A wedding loan is usually only a good idea because of the financial commitment if you:

  • Obtain a cheap interest rate;
  • You know you’ll be able to make on-time monthly payments; or
  • Expect to get cash as wedding gifts, which you can use to help pay off your loan.

If you take out a wedding loan—or any form of loan for that matter—you must be certain that you can afford to repay the amount within the agreed-upon conditions. It’s not a wise financial decision if you can’t satisfy the repayment responsibilities. Failure to repay your loan can have serious consequences for your credit score and may result in further fines.

When Should You Consider Getting a Joint Wedding Loan With Your Spouse?

A shared personal loan comprises a co-borrower, who is equally liable for the financial obligations. When you apply for a combined wedding loan, lenders consider both the co-and borrower’s and the principal borrower’s income and credit.

Because lenders analyze both applicants’ information, applying jointly is not a good idea if you or your spouse has bad credit. This will most likely result in you qualifying for a loan with a high-interest rate or not qualifying at all. If this is the case, apply with just one borrower (the one with the better credit score) to get the best conditions.

However, if you can qualify for a loan together and the cost isn’t much more than filing separately, it could be a good option.

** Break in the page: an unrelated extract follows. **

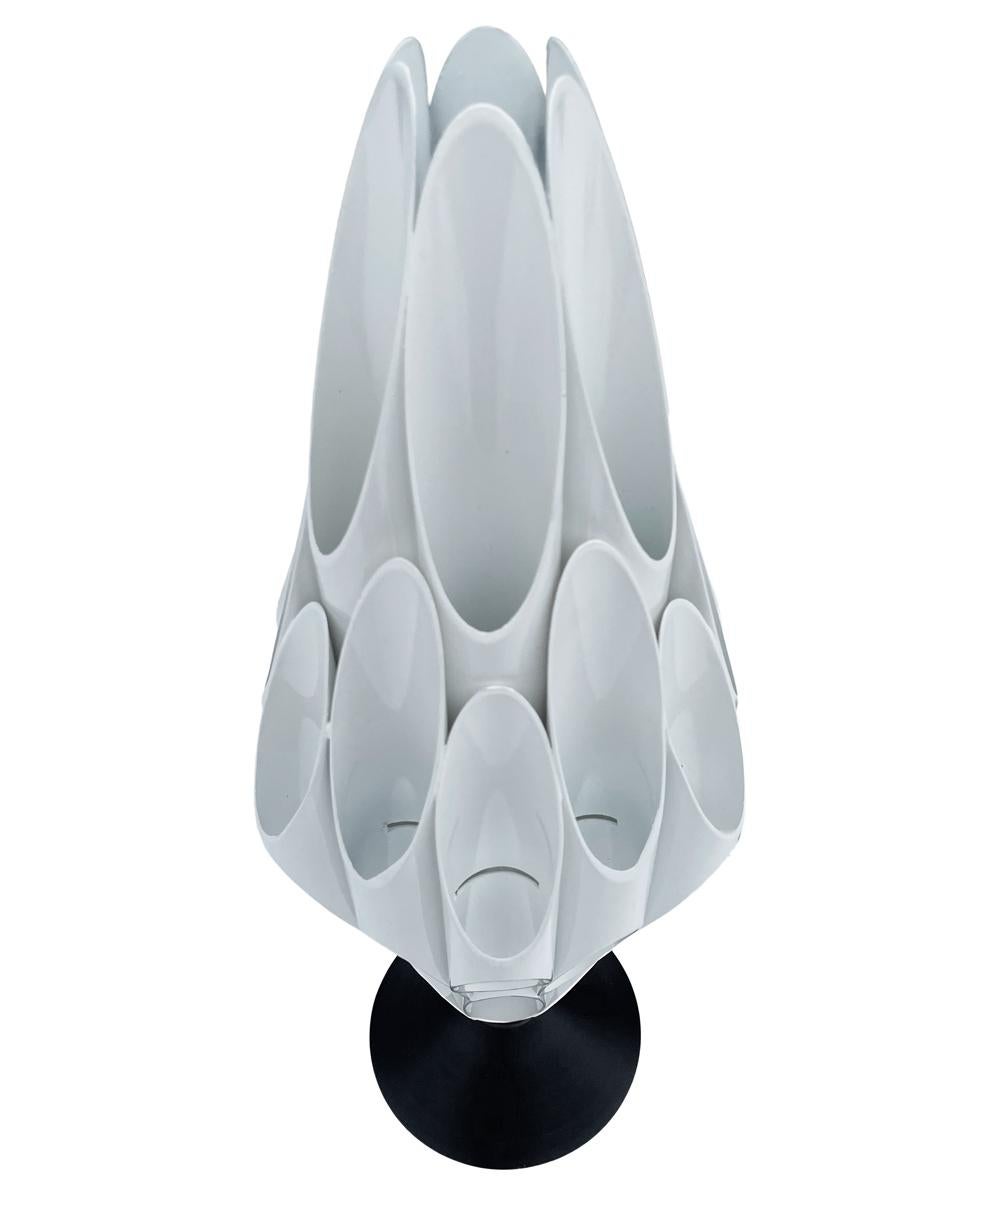 Pair of Space Age Post Modern Table Lamps in Black & White After Rougier For Sale 2
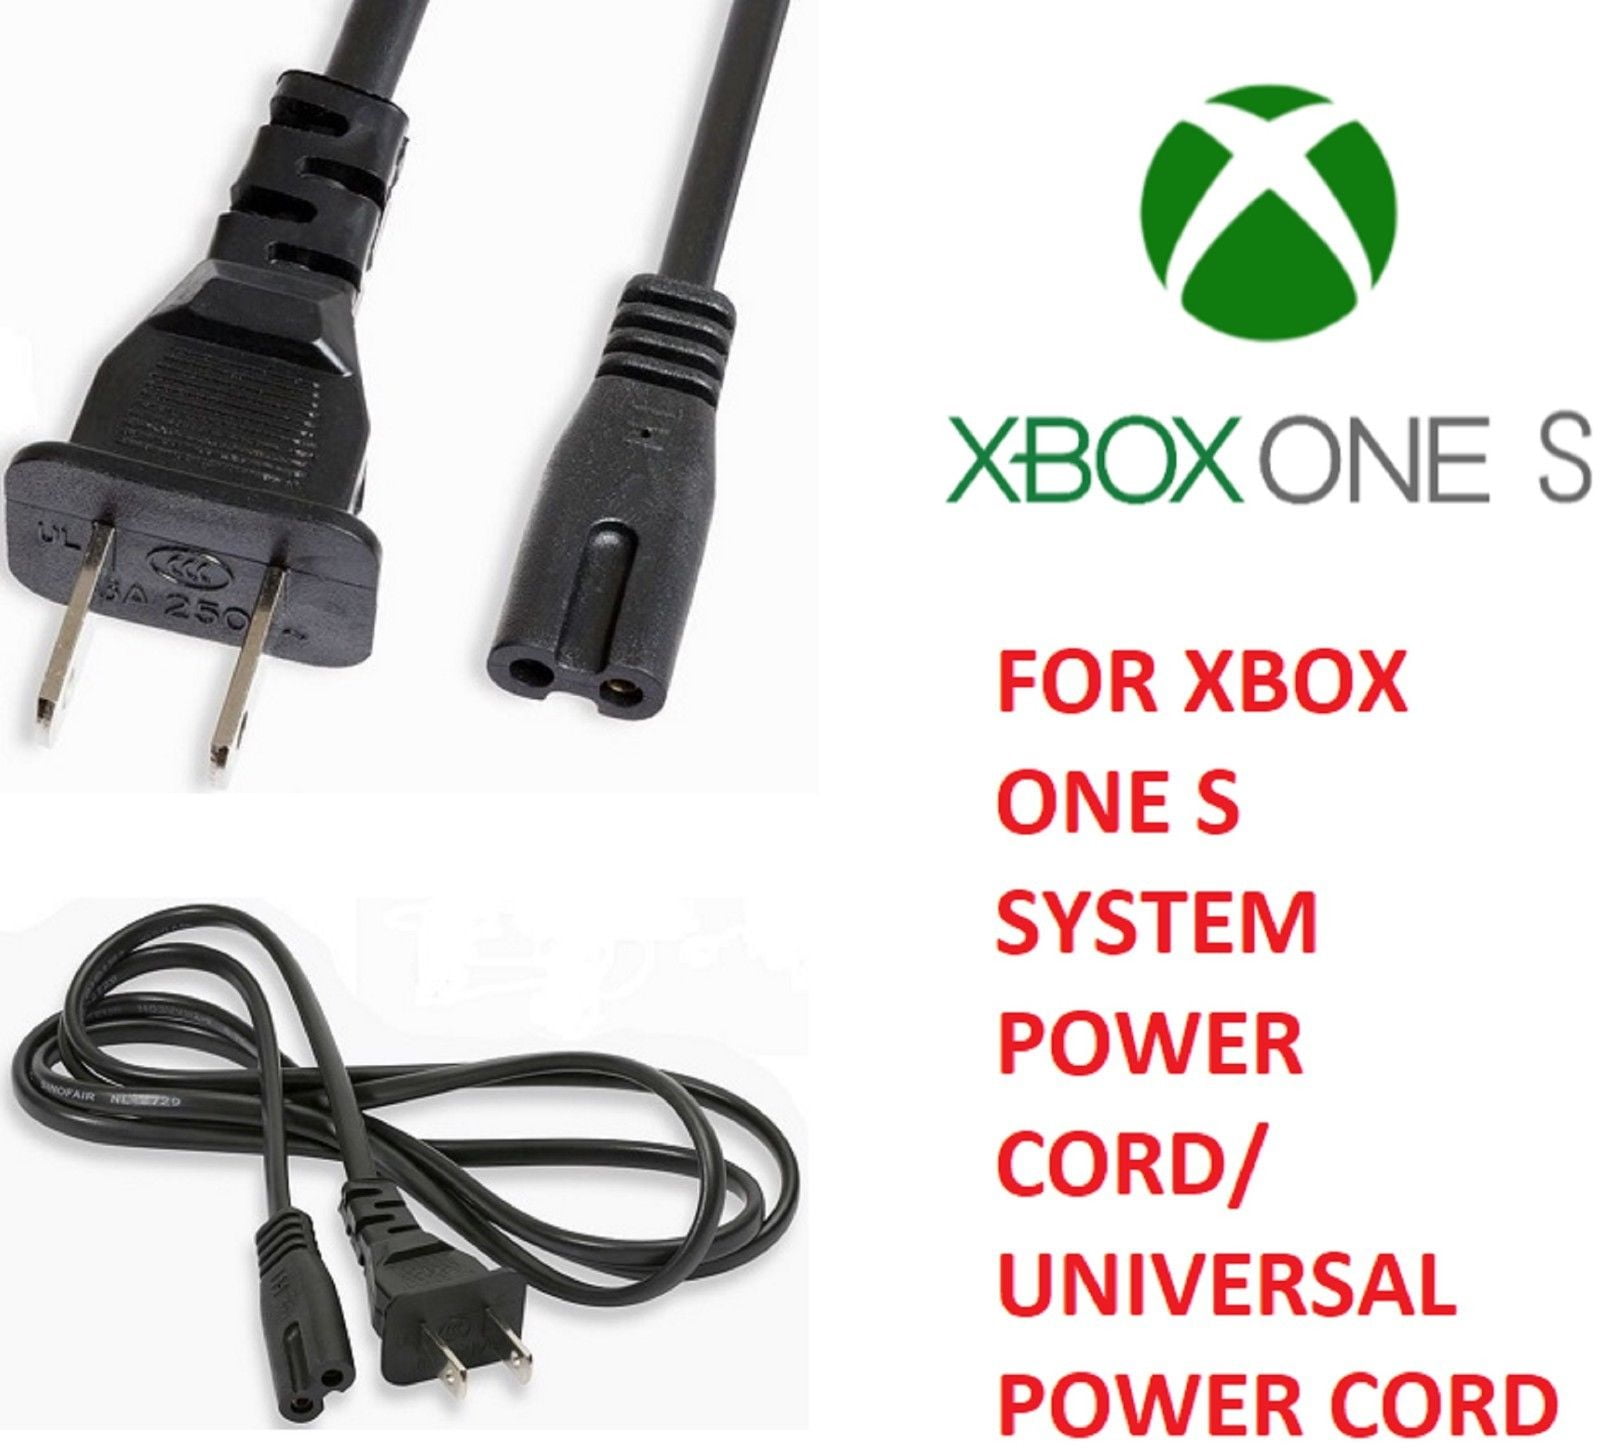 PlayStation 4 Pro Xbox 360 2-Prong 6 Feet Gaming AC Power Cord For Xbox One

Because both borrowers are liable for the monthly payments, the loan can assist borrowers with poor credit in improving their credit scores. Both borrowers’ credit histories will improve as they repay the loan on time.

How to Apply for a Wedding Loan

While the procedure varies depending on the lender, the following are the general procedures to apply for a wedding loan:

#1. Examine your credit score.

Begin by obtaining your credit score for free from your credit card company or another source that provides free scores. This will offer you an idea of your creditworthiness and qualification prospects. Aim for a minimum score of 610; however, a minimum score of 720 will offer the best terms.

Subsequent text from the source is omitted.